Алла шагнула в сторону, ударила ногой по ведру и завопила. Наверное, хулиганка надеялась, что емкость перевернется, но она почему-то даже не вздрогнула.
– Ой-ой-ой! – присела Малышева. – Я пальцы сломала! Щас пойду к Максиму Львовичу, расскажу, как на меня Курага Урюковна напала и ногу повредила! Нехай мне компенсацию платят! Тыщу рублей! Мало всем не покажется! Урою! Тебя, чебуречина, выпрут, денег не заплатят, – узнаешь, как на москвичей наезжать! Я не пьяная! На опохмел прошу с трезвых глаз!
Продолжая ругаться и твердо наступая на якобы поврежденную ступню, Алла влетела в магазин.
Глава 8
– Странно, что директор разрешает подобной нимфе разгуливать около супермаркета, – пробормотала я.
Уборщица оперлась о швабру.
– Нимфа?

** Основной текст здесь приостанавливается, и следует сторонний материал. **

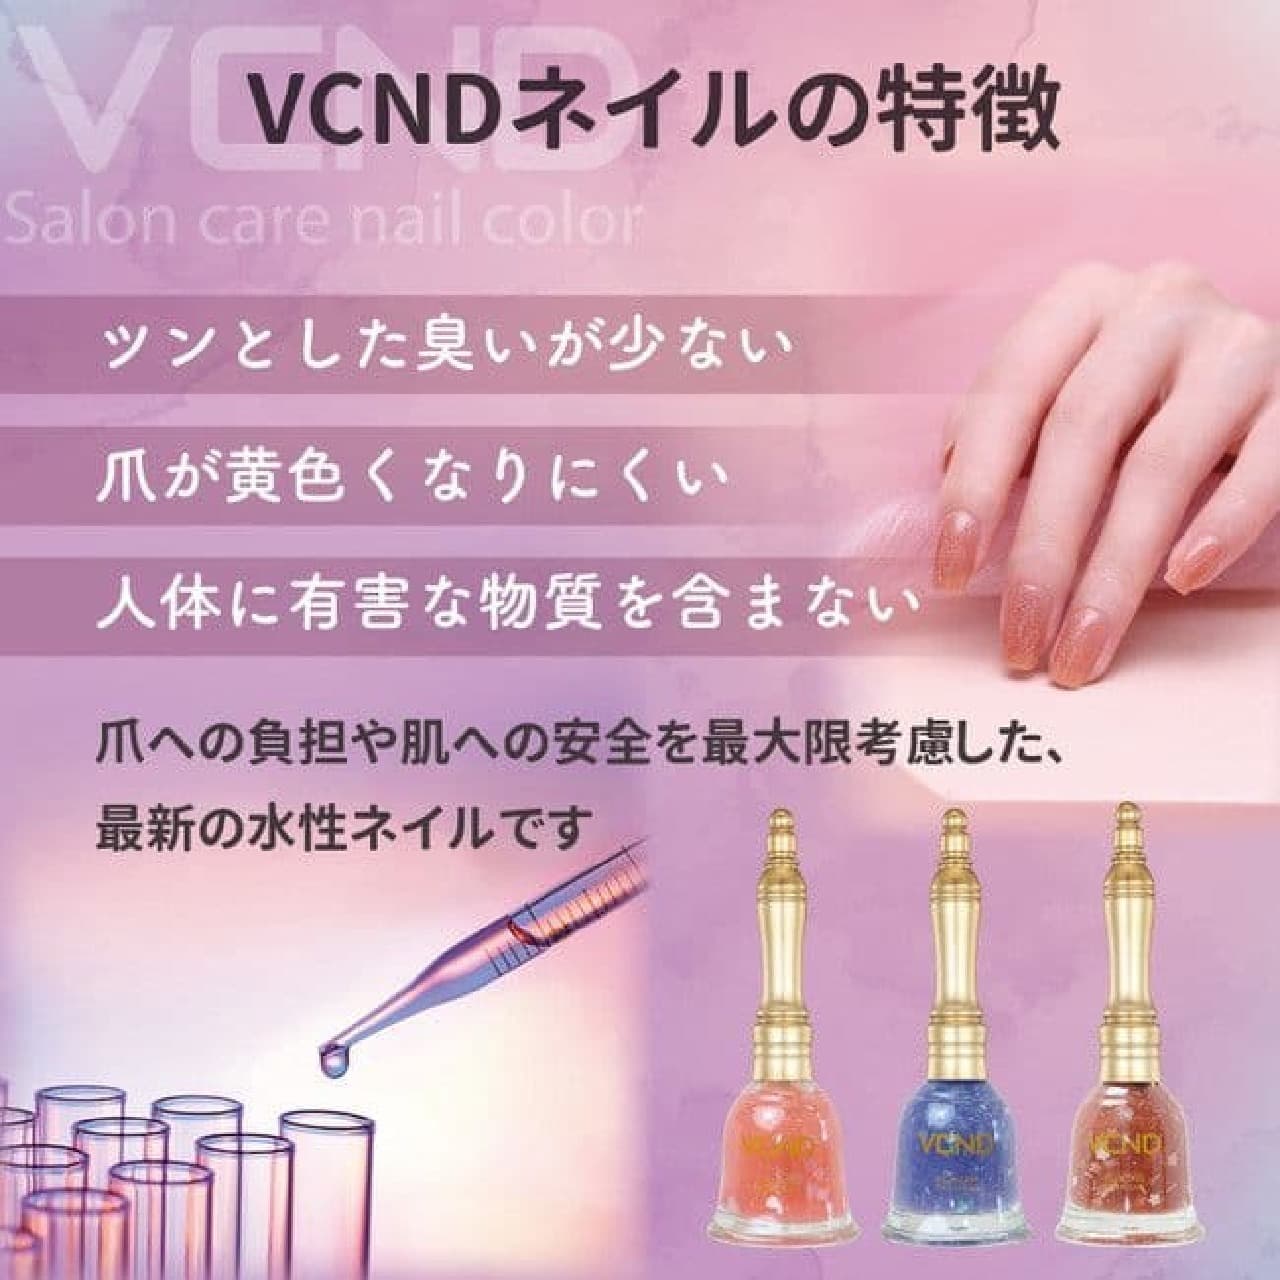 VCND "Blue Sky Nail"

Скорей уж Алла козлоногий сатир или Бахус.
– Увлекаетесь древними легендами и мифами? – поразилась я.
Поломойка поправила платок.
– Считаете всех, кому не довелось родиться в Москве, идиотами? Или предпочитаете, как Алла, в отношении гастарбайтеров слово «чебурек»?
– Нет, я просто никак не ожидала услышать от вас про сатиров и Бахуса, – честно призналась я. – Вы филолог?
– Преподавала в институте древнюю литературу, – спокойно пояснила уборщица. – Я армянка, муж азербайджанец, жили мы неподалеку от Баку. В нашем городе много смешанных пар, никто о национальности не задумывался, а потом по телевизору кричать глупости стали. Свекровь на сына наехала: «Брось Ануш, она не нашей веры, найдем тебе мусульманку». Ибрагим с матерью поругался, и мы уехали в Ереван. А там совсем тихо, работы нет, в магазинах пусто. У нас двое детей, чем их кормить? Где учить? Ибрагим решил в Москву ехать, здесь у него родственник нашелся. Теперь муж на рынке, в овощной палатке работает. А я в супермаркете шваброй орудую. Дети в школу ходят. Нельзя на людей нападать, не от хорошей жизни мы на эмиграцию решились. Ибрагим дома в театре пел, у него хороший баритон, но в России его талант никому не нужен. Да и я как специалист по древней литературе тоже без надобности, своих хватает. Зато у вас полно вакансий чернорабочих. Чем Алла лучше нас? Мы не пьем, не курим, детей любим. Одна гордость у Малышевой – она москвичка. Только дочка ее постоянно голодной ходит.
– Вы знаете Нику? – обрадовалась я.
– Хорошая девочка, – кивнула Алла.
– В медучилище о ней плохо отзываются, – вздохнула я.
Ануш опустила швабру в ведро.
– Там ребят не любят. Ника нормальная, ее жизнь с пьяницей озлобила. Гордая она! Зашла она как-то в подсобку, Аллу искала, я как раз обедать села. Вижу, Ника слюну сглатывает, предложила ей: «Садись со мной, на двоих супа хватит. Попробуй, я сама варю, в термосе из дома приношу. Не сомневайся, свежая курятина». Понимаю, голодная она. А Ника в ответ: «Спасибо, тетя Ануш, я сыта». Какое там! Глаза правду выдали, и я настояла: «Не побрезгуй, угостись!» Так она одну ложку проглотила, поблагодарила и ушла. Не хотела, чтобы ее нищенкой считали. Да вот и сама Ника!
Я обернулась. По ступенькам поднималась худенькая девочка в джинсах и майке.
– Добрый день, тетя Ануш. Вы мою мать не видели? – спросила она.
– Внутрь пошла, – ответила уборщица, – а тебя вот женщина ищет.